The Clown Prince
The late Heath Ledger’s new and terrifying Joker has given a new class to the breed of villains in Hollywood.
A chilling hybrid: Heath Ledger as the Joker in The Dark Knight.
For someone who confessed to not being a comic book fan, the late Heath Ledger had intensely researched for his role as the Joker for Christopher Nolan’s movie ‘The Dark Knight,’ drawing inspiration from landmark graphic novels such as Frank Miller’s ‘The Dark Knight Returns’ (1986) and Alan Moore’s ‘Batman: The Killing Joke’ (1988). His Joker, a chilling hybrid of Sid Vicious’ punk rocker style and Dr. Hannibal Lecter’s deranged personality, has become one of the finest portrayals of the villainous character.
“This city,” says the Joker, “needs a new class of criminals.” Indeed, that is what this new and terrifyingly improved Joker has given to the breed of villains in Hollywood – a new class. In fact, his performance has sparked a renewed interest in the character ever since the movie hit theatres this month.
The persona of the Joker, or the Clown Prince of Crime as he is often referred to, has undergone many transitions since his first appearance in 1940. In the late 1950s and the ’60s, the character was portrayed merely as a prankster who wove anarchy into Batman’s world. But after Miller’s ‘The Dark Knight Returns,’ the Joker was reworked as a deeper character – a psychotic mass murderer who did it purely for the sheer pleasure of it.
In the same way, the Joker has undergone numerous transitions in the movie versions through every actor who has represented him. Cesar Romero’s depiction in the 1960s television series was a reflection of the character as he appeared in the comics at the time.
Jack Nicholson’s Joker in Tim Burton’s ‘Batman’ (1989) was a subtle shift that had shades of the prankster villain, but also assimilated the mass murder with ease, but Ledger’s interpretation in ‘The Dark Knight’ definitely pushed the character into a whole new dimension.
From prankster to a morally void agent of chaos, this Joker would give you nightmares.
Who is the Joker? There has never been an established background story for this character unlike for other villains in the Batman series such as the Penguin, Cat Woman, Two-Face or the Riddler. The Joker himself has been found to narrate different versions of his life. In ‘The Dark Knight,’ he narrates two entirely different stories of parental abuse and self-mutilation to explain the smile-like scar on his face. The commonly accepted story of his origin is that he was a mobster who was caught in a shootout in a chemical factory and fell into a vat of chemicals which gave him the permanent grin and the bleached face. The concept of the permanent grin on the Joker’s face is said to have been inspired by the look of Conrad Veidt’s character in the 1928 movie ‘The Man Who Laughs.’ Now, Ledger’s Joker has broken the conventional look of the Joker with a grungy, unkempt style and a Glasgow grin that replaced the chemically altered smile.

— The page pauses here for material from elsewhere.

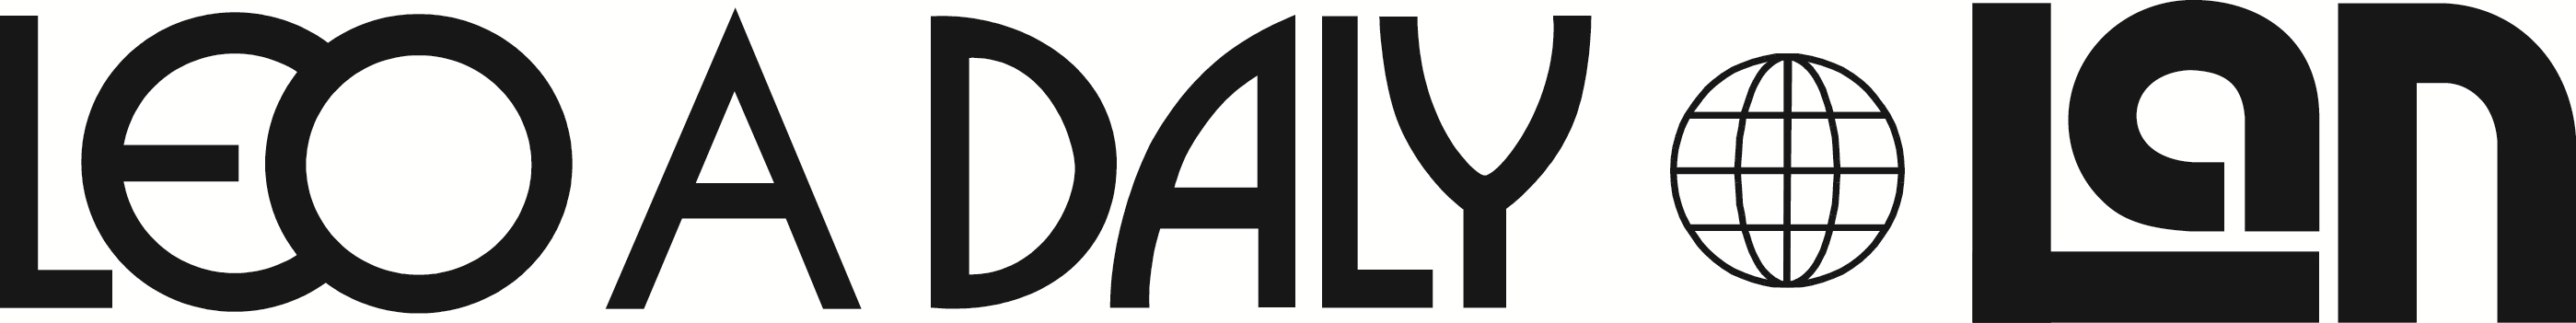 LEO A DALY/Lockwood Andrews & Newnam (LAN) Company Logo

The symbiotic relationship between Batman and his arch-nemesis is a concept that has awed comic book fans ever since the inception of the character 68 years ago. As Joker explains in ‘The Dark Knight Returns,’ “To be the Joker, I must beat the Batman. That’s where it becomes really fun! I am a force of nature, a force of the mind! And I must have a counter-force. Only one man can stand against me, make me work.”

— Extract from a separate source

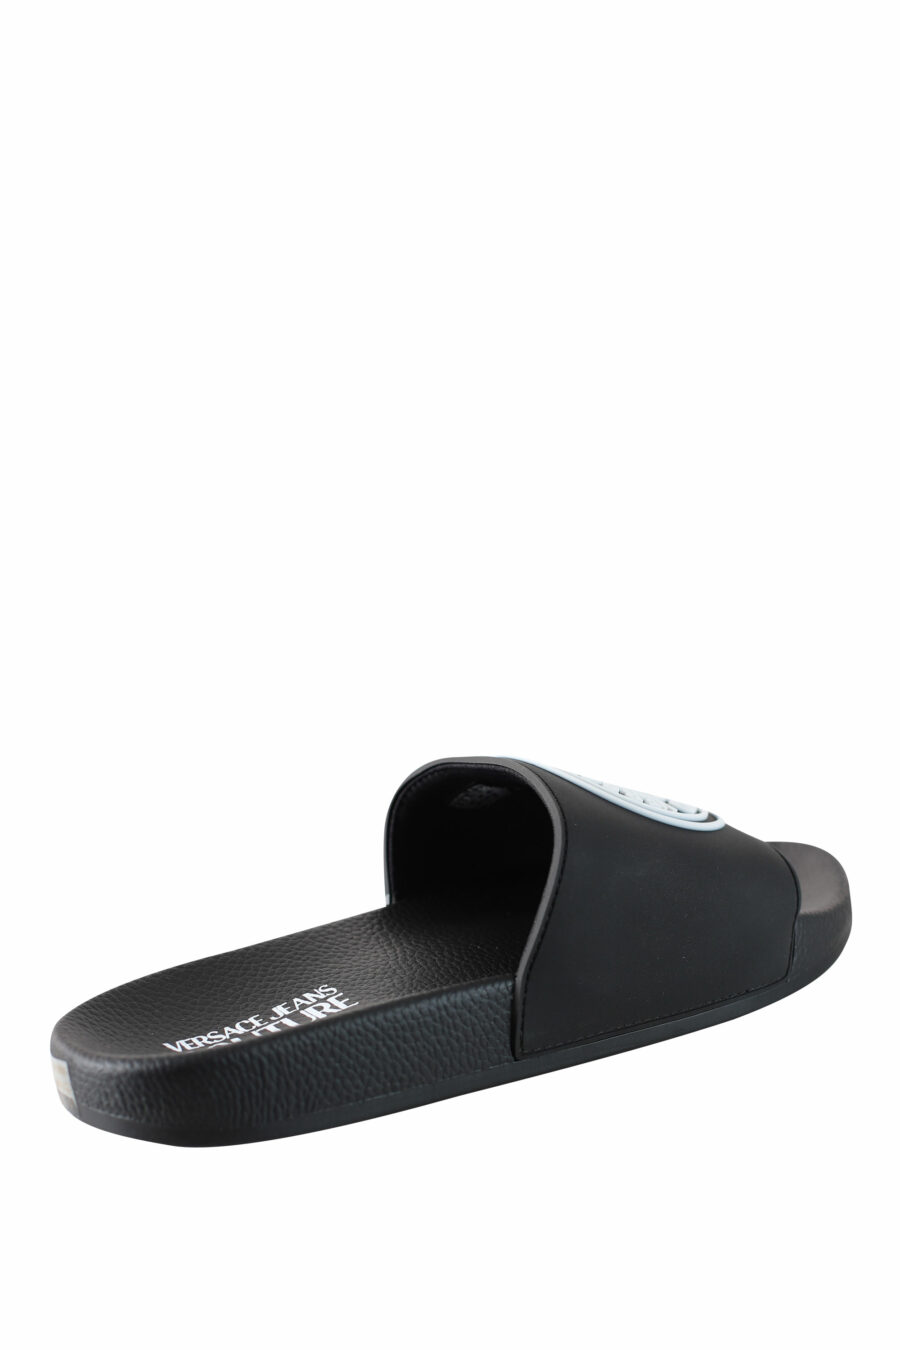 Schwarze Flip Flops mit schwarzem kreisförmigen Maxilogo - IMG 4427

Ledger’s Joker mockingly delivers the mushy line from ‘Jerry Maguire,’ “You complete me,” to Batman. That explains it. His sole obsession is to keep pushing the caped crusader to that point where he would let go of his vow to never kill. This idea is what Nolan stated as the inspiration for the storyline of ‘The Dark Knight’ - from the closing moments of ‘Batman: The Killing Joke’ where the Joker taunts Batman by telling him: “All it takes is one bad day to reduce the sanest man alive to lunacy. That’s how far the world is from where I am. Just one bad day. You had a bad day once. Am I right? You had a bad day and everything changed.”